Tan pequeño e indefenso. Tan torpe y frágil.
Y
busco. Y me llegan las palabras de una canción que reflejan el deseo de retener
lo imposible, de abrazar lo que encuentro: “Dios mío déjame escucharte,
entre tantos ruidos que turban mi alma. Déjame seguirte, cuando no te vea,
cuando ya no espere, cuando no confíe. Déjame abrazarme a tu alma serena y
seguir tus pasos, por dónde Tú quieras. Déjame quererte, aunque ya no pueda,
amarte despacio cuando no te vea. Déjame abrazarme con toda mi alma, y soñar
tus sueños, sentir tu presencia”.
Quiero
seguir los pasos de Jesús cuando no lo veo. Sólo quedan sus
misteriosas huellas. Ese Jesús que se hizo pie, mano y aliento. Ese Jesús que
se hizo abrazo, mirada y palabra. Y conmovió las entrañas de mi vida vacía en
su ausencia.
Y por
eso me da miedo perderlo. Sentir que lo llevan lejos sin que pueda
seguirlo. Dejar de verlo. La custodia vacía. Siento que está presente y ausente
tantas veces.
Lo
siento tan vivo en el corazón roto de ese hombre que me suplica misericordia en
el último día del año de la misericordia. Queriendo cambiar su vida. Comenzar
un nuevo trazo. Empezar una nueva historia. Y en él, roto en su pasado,
roto en sus heridas, está Jesús vivo. Como esa custodia vacía y rota que me
habla de su ausencia y su presencia misteriosa.
Sus
pies cansados llenos de polvo en Galilea. Sus pies cansados en tantos que
pierden las esperanza, y no lo ven, y no lo encuentran. En tantas vidas rotas.

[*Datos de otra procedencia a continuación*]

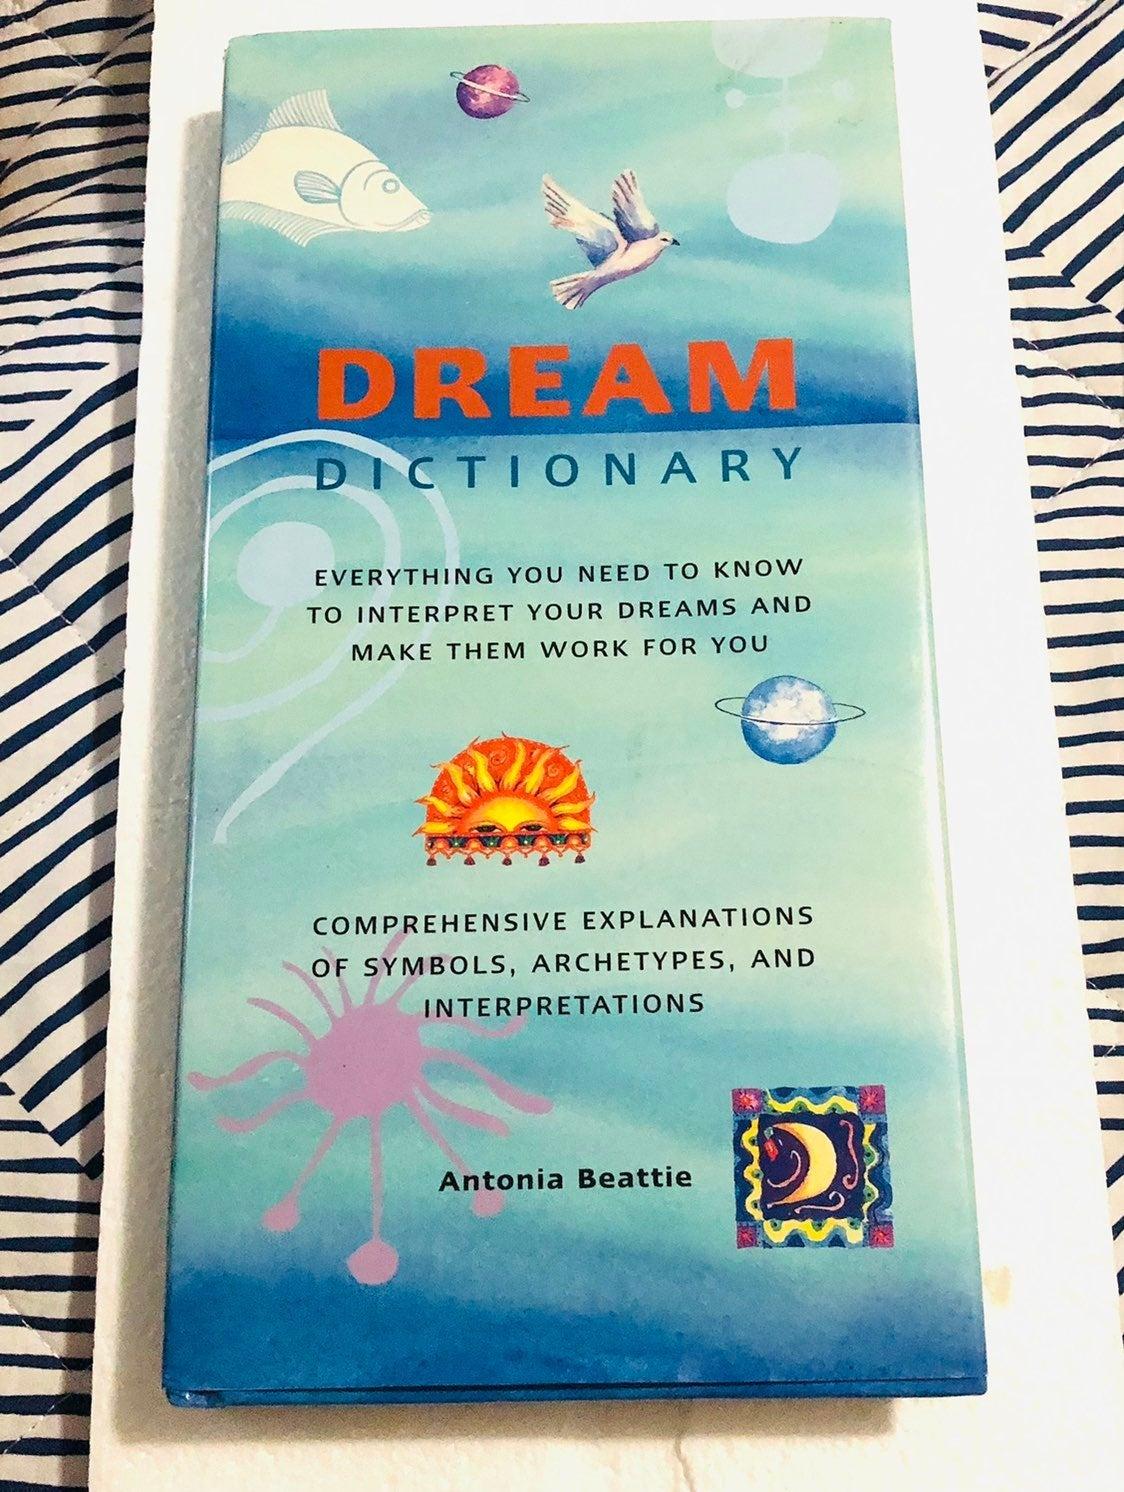 Dream Dictionary by Antonia Beattie
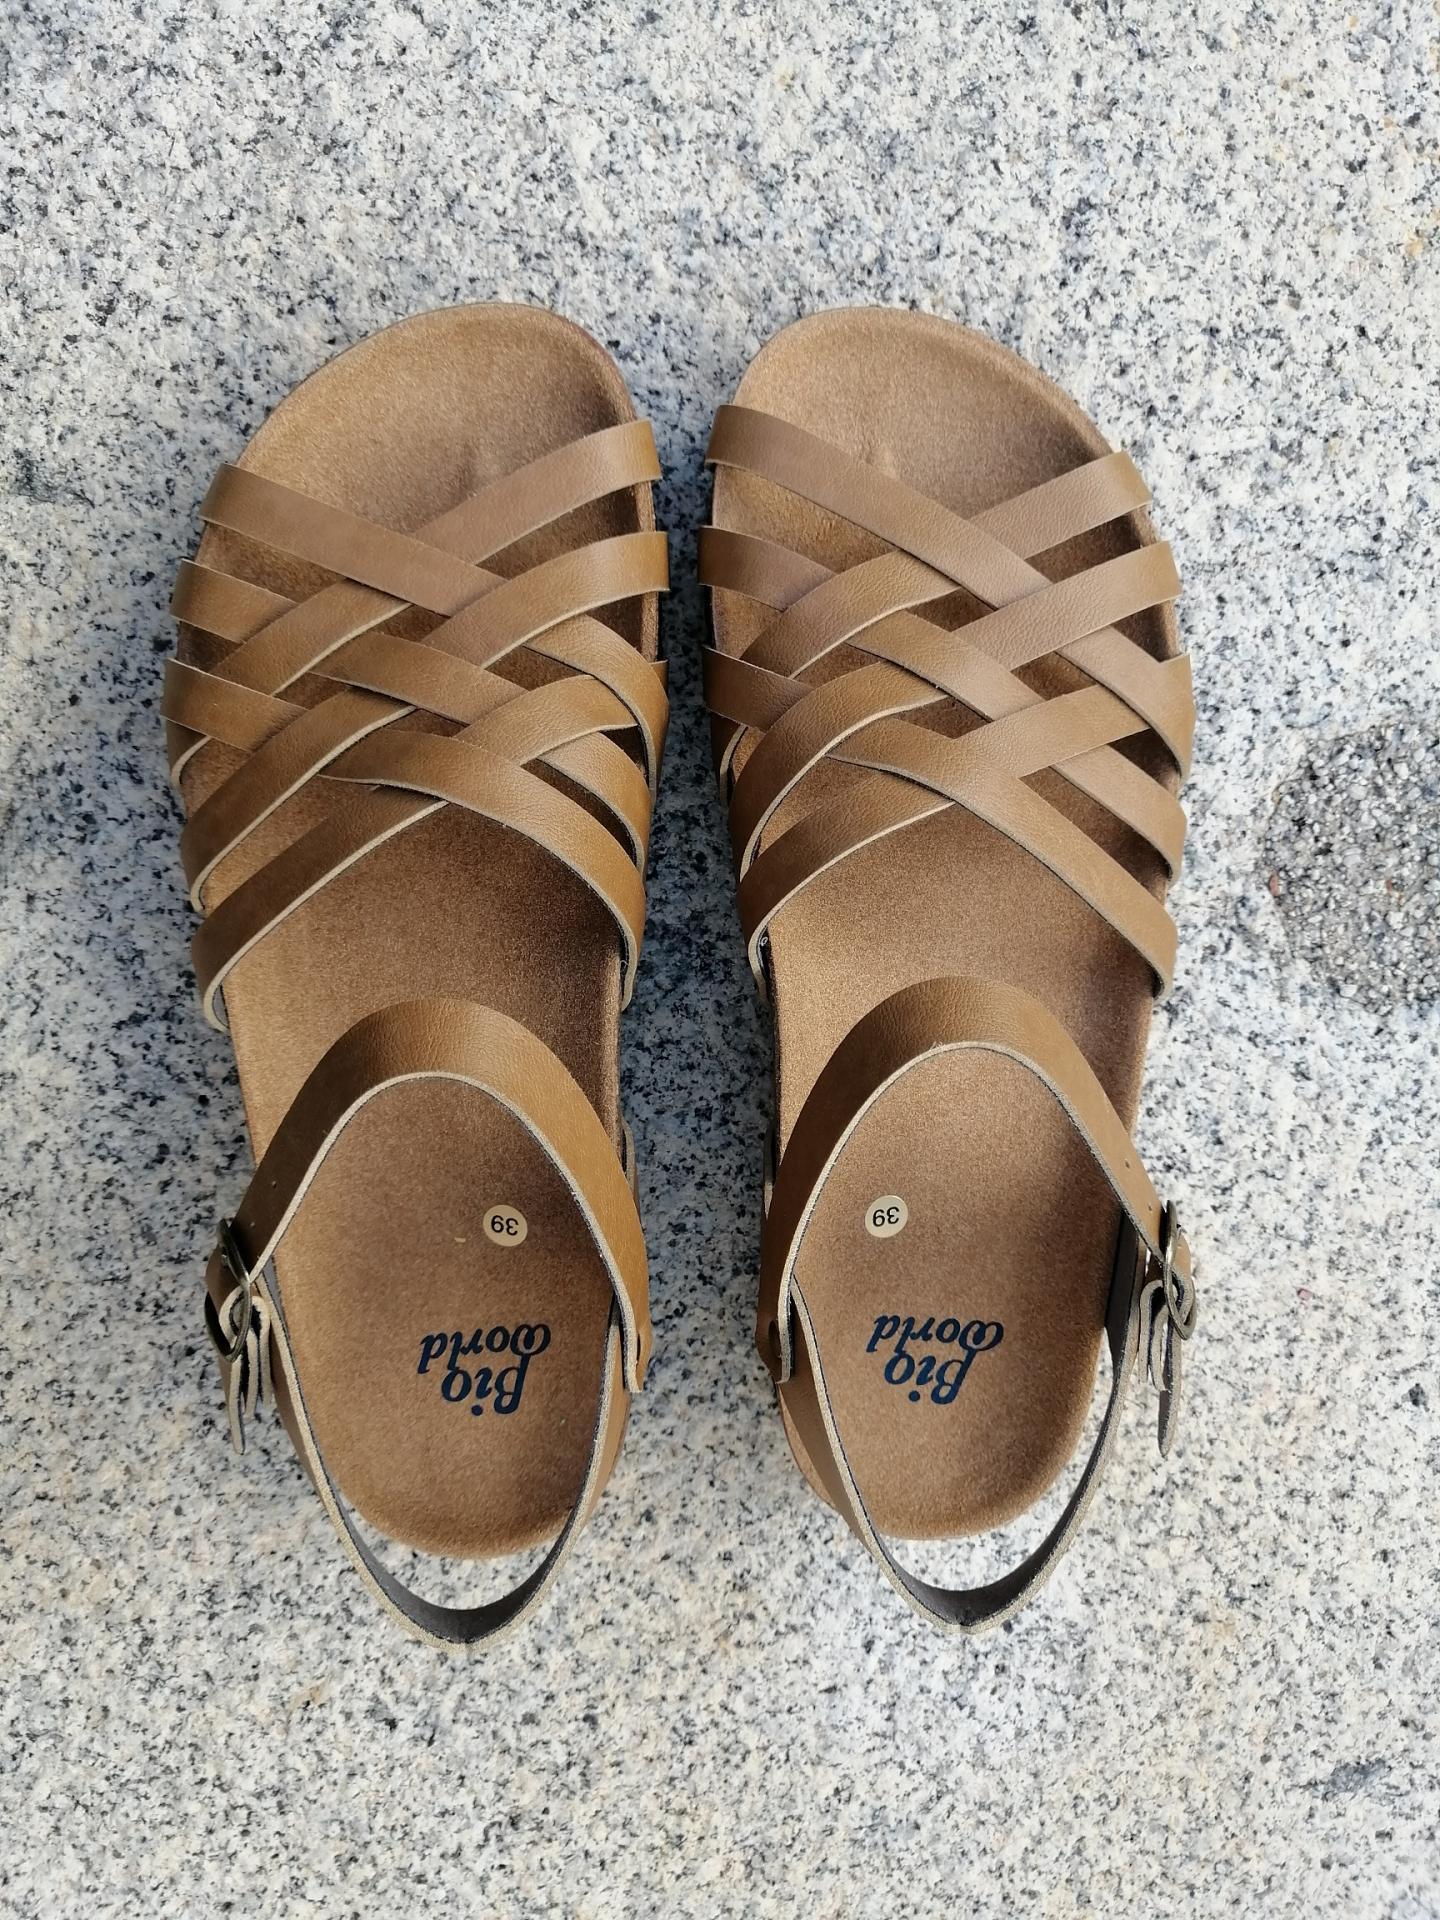 ELCANO Camel, NUEVO 2020, sandalias veganas, sandalias veganas mujer, calzado vegano, sandalias de tacón bajo, sandalias bioworld, vegan shoes, sandalias color camel.

Vidas robadas. Heridas. Violentadas. Y ante ellas, como ante mi custodia vacía,
me detengo yo herido.
Con mi
alma que anhela abrazar su presencia ausente. Escuchar sus palabras
calladas entre ruidos inmensos. Retener su voz misteriosa entre gritos que
duelen. Y abrazarlo despacio para retenerlo. Para que no lo lleven por caminos
esquivos. Para que no lo escondan lejos de mi mirada.
¿Dónde
lo ocultan tantas veces en medio de este mundo? Cuando yo
mismo también lo oculto cuando no sé hablar bien de su presencia, cuando no lo
señalo con mis ojos turbados, cuando mis gestos torpes no revelan su amor,
cuando no lo cuido y no lo protejo.
Hoy yo
pregunto como aquellas mujeres buscando su cuerpo muerto al pie de la cruz
hendida. Como tantos hoy que no creen que exista, entre tanto mal que hay en el
mundo. Veo su cuerpo muerto entre dos ladrones. Lo veo muerto y lo busco.
Porque
sé que está vivo. Escondido, robado, presente entre mis manos. Herido
en tantas manos que buscaron esa custodia dorada que escondía su presencia.
No lo
buscan a Él hoy tantas manos. No anhelan su presencia en silencios
sagrados. Porque no lo conocen. Porque no han probado su agua. No han
escuchado su voz. No han recibido su abrazo.
Y me
conmueve la herida hoy de tantos hombres. La herida de pobreza, de
rechazo, de desprecio, de soledad y abandono. La herida que provocaron
decisiones erradas. La herida de una vida rota en desencuentros y desamores.
Me
duele ese dolor tan humano. Lloro por dentro. Y busco el
consuelo de ese pan sagrado que sostiene mi esperanza. Contemplo. Miro. Espero.
Sueño.
Jesús
se fue en una custodia robada. No se quedó en el sagrario. Se
fue en las manos de un hombre al que conocía. Porque Jesús conoce a
todos. Un hombre que quizás a Jesús no lo conocía.
Se fue
tal vez escondido en su pecho. No lo sé. Tampoco sé dónde lo dejó con el paso
de las horas. No sé bien dónde está Jesús ahora. Imagino que la
custodia estará vacía. Sin Jesús. Y Jesús perdido por las calles de mi ciudad.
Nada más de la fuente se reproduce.